Umweltskandal im Biosphärenpark !
Illegales Deponieren von Bauschutt im ÖBF-Wald! Und dabei ist Wiens Umweltschutzbehörde seit Wochen informiert !




Gegen einem neuerlichen Umweltskandal machen Penzinger im Bereich Hinterhainbach mobil: Mitten im Biosphärenpark Wienerwald (!) werden seit Wochen Bauarbeiten in Hinterhainbach durchgeführt, um dort illegal Bauschutt zu deponieren!


Auf Flächen im Einzugsbereich des Hainbaches an der Sophienalpenstraße fielen schon im August Anrainern ungeklärte Bauarbeiten mit schweren Gerät auf, zu denen sich besorgte Bürger beim Grundstückseigentümer – den Österreichischen Bundesforste (ÖBF) – schlau machten. Man habe, so die damalige kryptische Auskunft von Seiten der ÖBF, Flächen an eine Firma vermietet,  wozu ein zuständiger Förster versicherte, es werde dort kein Asphaltbruch deponiert, dies sei ökologisch unverträglich. Die Firma selbst ist namentlich bekannt.

Ich habe damals unverzüglich die zuständige Magistratsabteilung (MA 22) informiert und um Überprüfung ersucht. Von dort hieß es telefonisch in einer ersten Reaktion, das sehe nach einer illegalen Deponie aus“ , man werde sich die Sache „natürlich ansehen“.
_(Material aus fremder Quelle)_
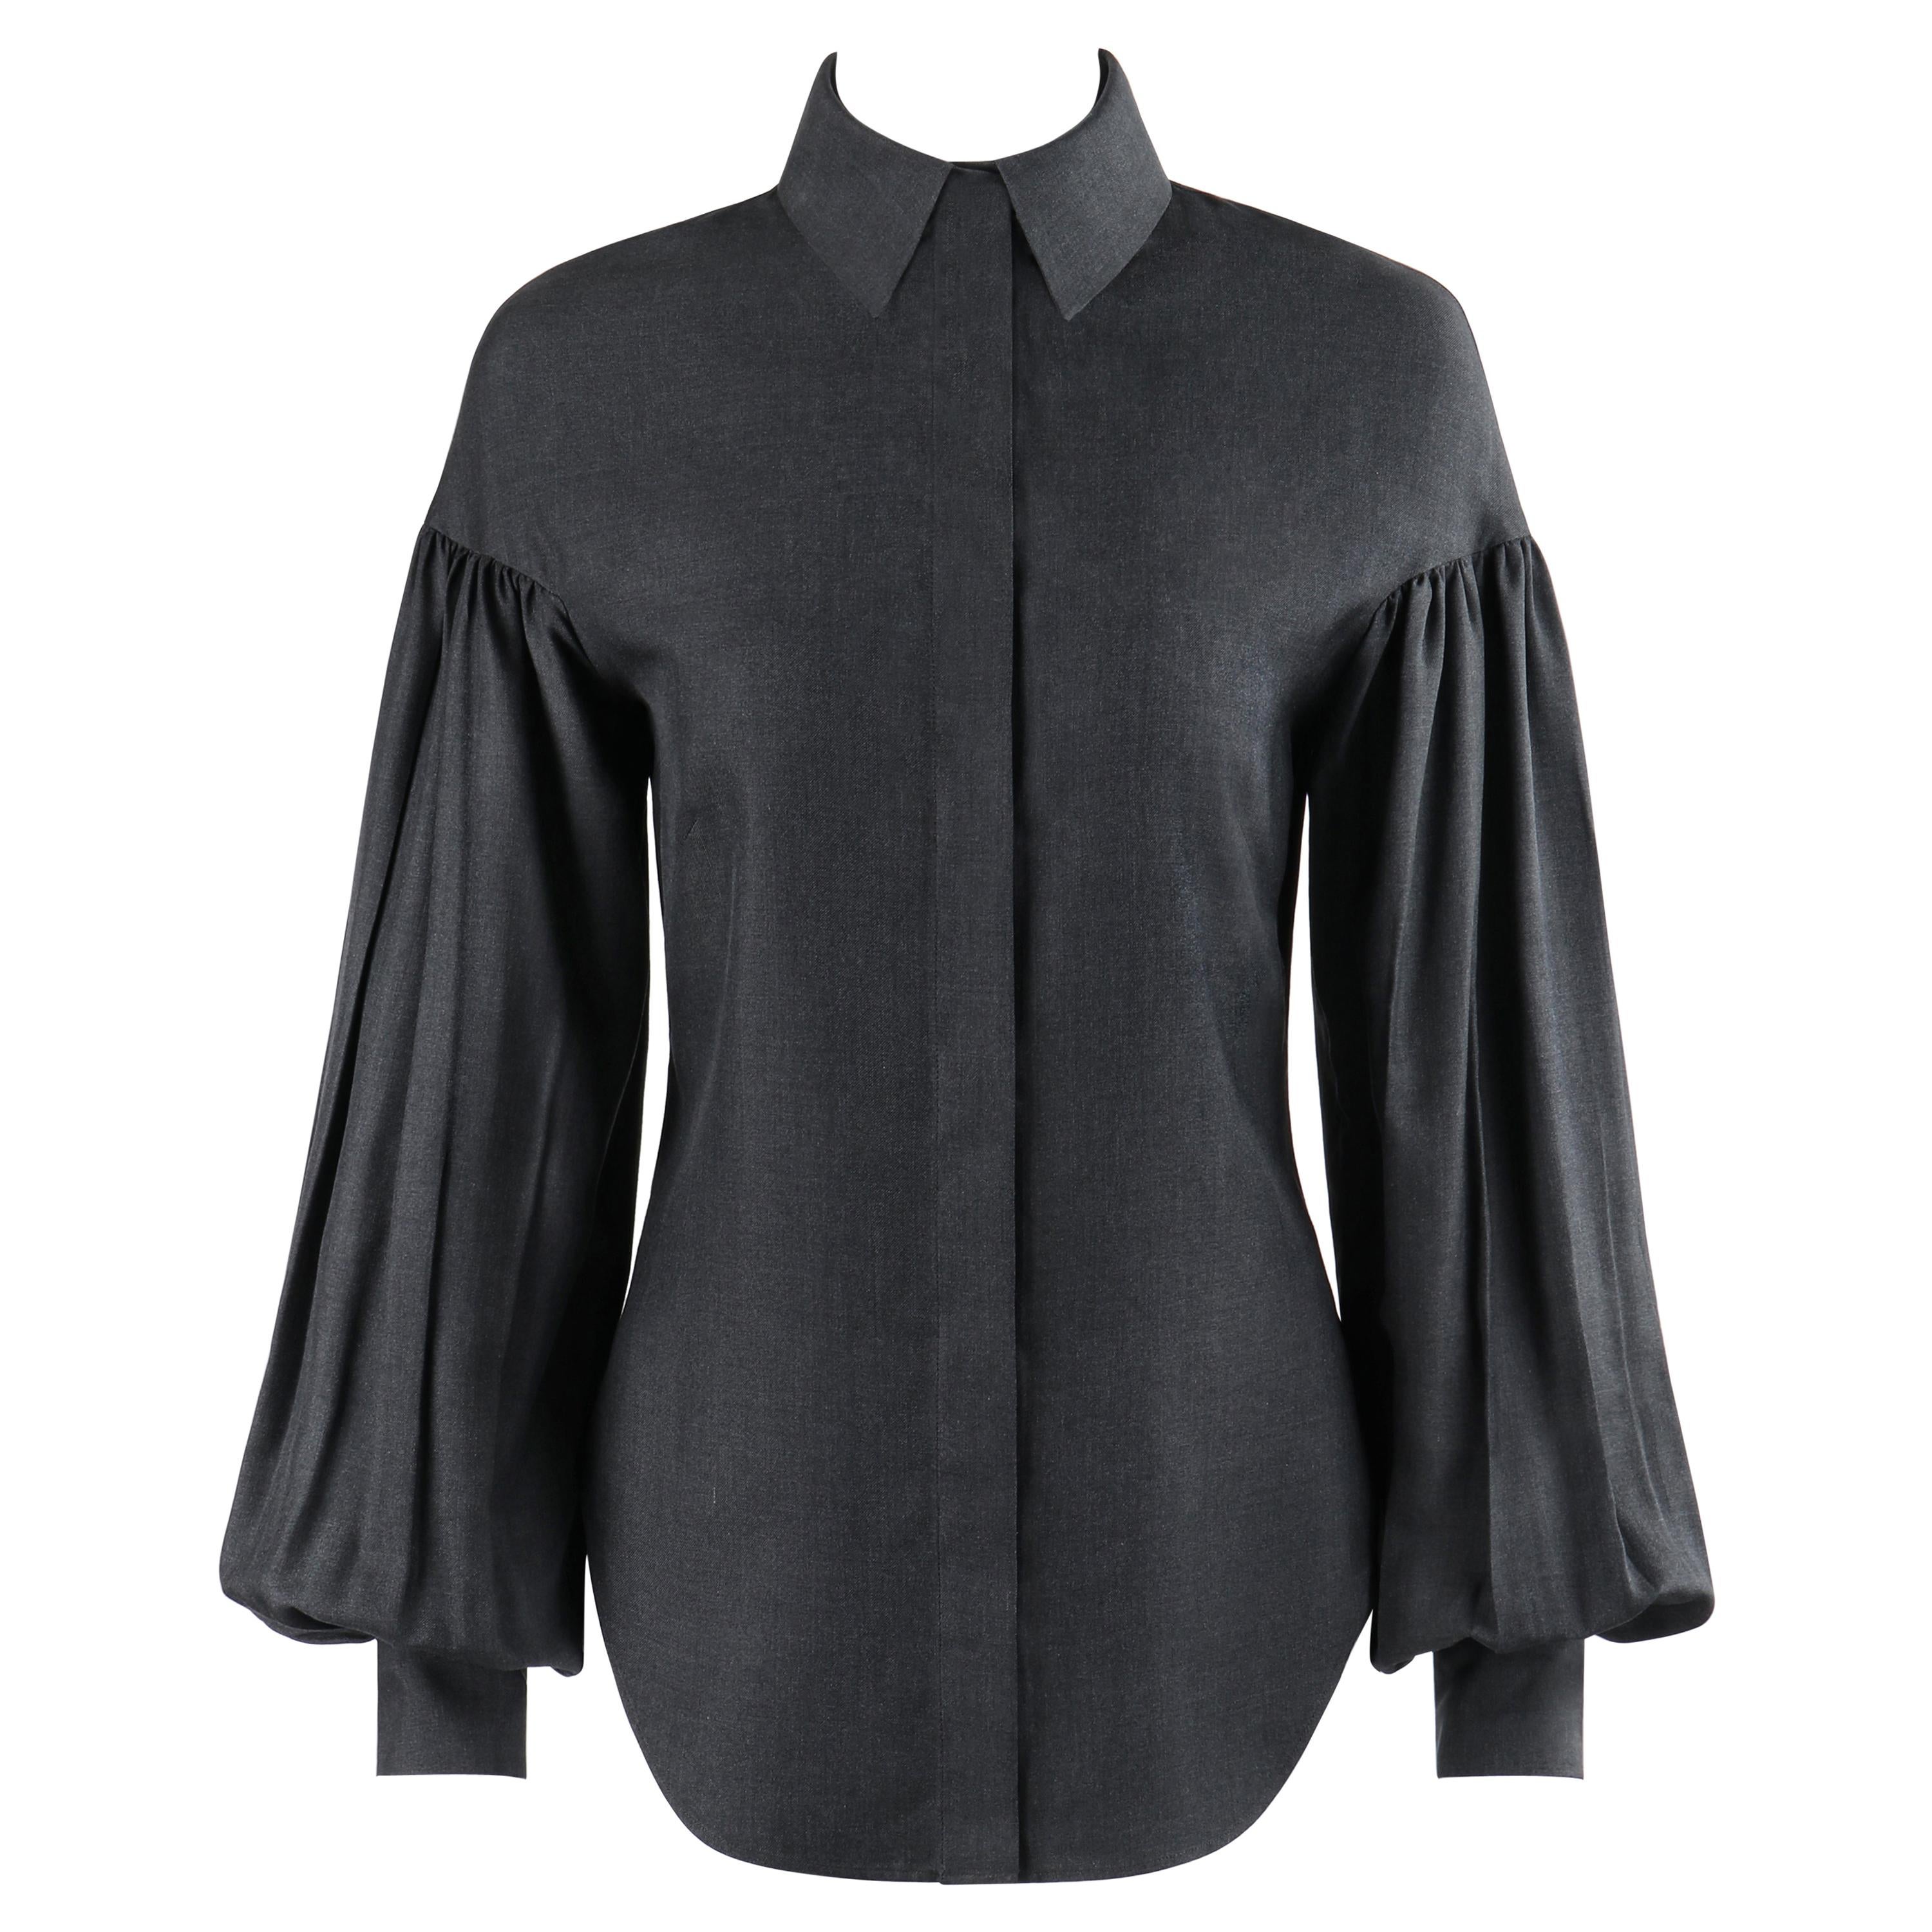  ALEXANDER McQUEEN A/W 1999 “The Overlook” Dark Gray Pleated Bishop Sleeve Top For Sale

Was immer man sich seither angesehen haben mag, - an den seltsamen Aktivitäten hat sich nichts geändert!  Ganz im Gegenteil: In einem von der Straße schwer einsehbaren Bereich wurde letzten Freitag der Waldboden mit dem Bagger abgegraben und auf gut 200 m² Betonbruch aufgebracht, der nach Recherchen der Anrainer von einem Senkgrubenabbruch stammen soll. Und weil am Freitag bis Dienstschluss des Baggerfahrers die Baurestmassen nicht mehr mit Erdreich bedeckt werden konnten, wie dies üblicher Weise in solchen Fällen rasch geschieht, konnten die Anrainer diesmal rechtzeitig Fotos schießen und sie mir übermitteln.

Womit sich folgende Fragen stellen: Wer ist bei den ÖBF für diesen Umweltskandal verantwortlich und wieso ist er möglich, obwohl die MA 22 von den seltsamen Vorgängen mitten im Biosphärenpark seit mehr als einem Monat informiert ist ?

Ich habe jedenfalls mit den neuen Fotos umgehend Wiens Umweltstadträtin Mag. Uli Sima und die MA 22 konfrontiert und um Aufklärung ersucht. Zu erwarten ist erstens ein sofortiger Stopp der dubiosen Vorgänge im Wald und zweitens eine Entfernung der Baurestmassen zu einer gesetzesgemäßen Deponierung. Der Ansicht der Anrainer ist jedenfalls nichts hinzuzufügen, von denen mir jemand so schreibt:

Somit wird hier gegen viele Gesetze verstoßen. Keine Bewilligung, keine Umweltprüfung, keine Zustimmung der Anrainer usw. Nur eine private Abmache von dem Verantwortlichen bei den ÖBF und der Baufirma. Freunderlwirtschaft auf Kosten unsers Waldes (der schreit nicht) und unserer Lebensqualität.

Ich werde von dem Fall weiterhin berichten und in der ersten Sitzung des neu gewählten Bezirksparlaments eine dementsprechend Anfrage einbringen!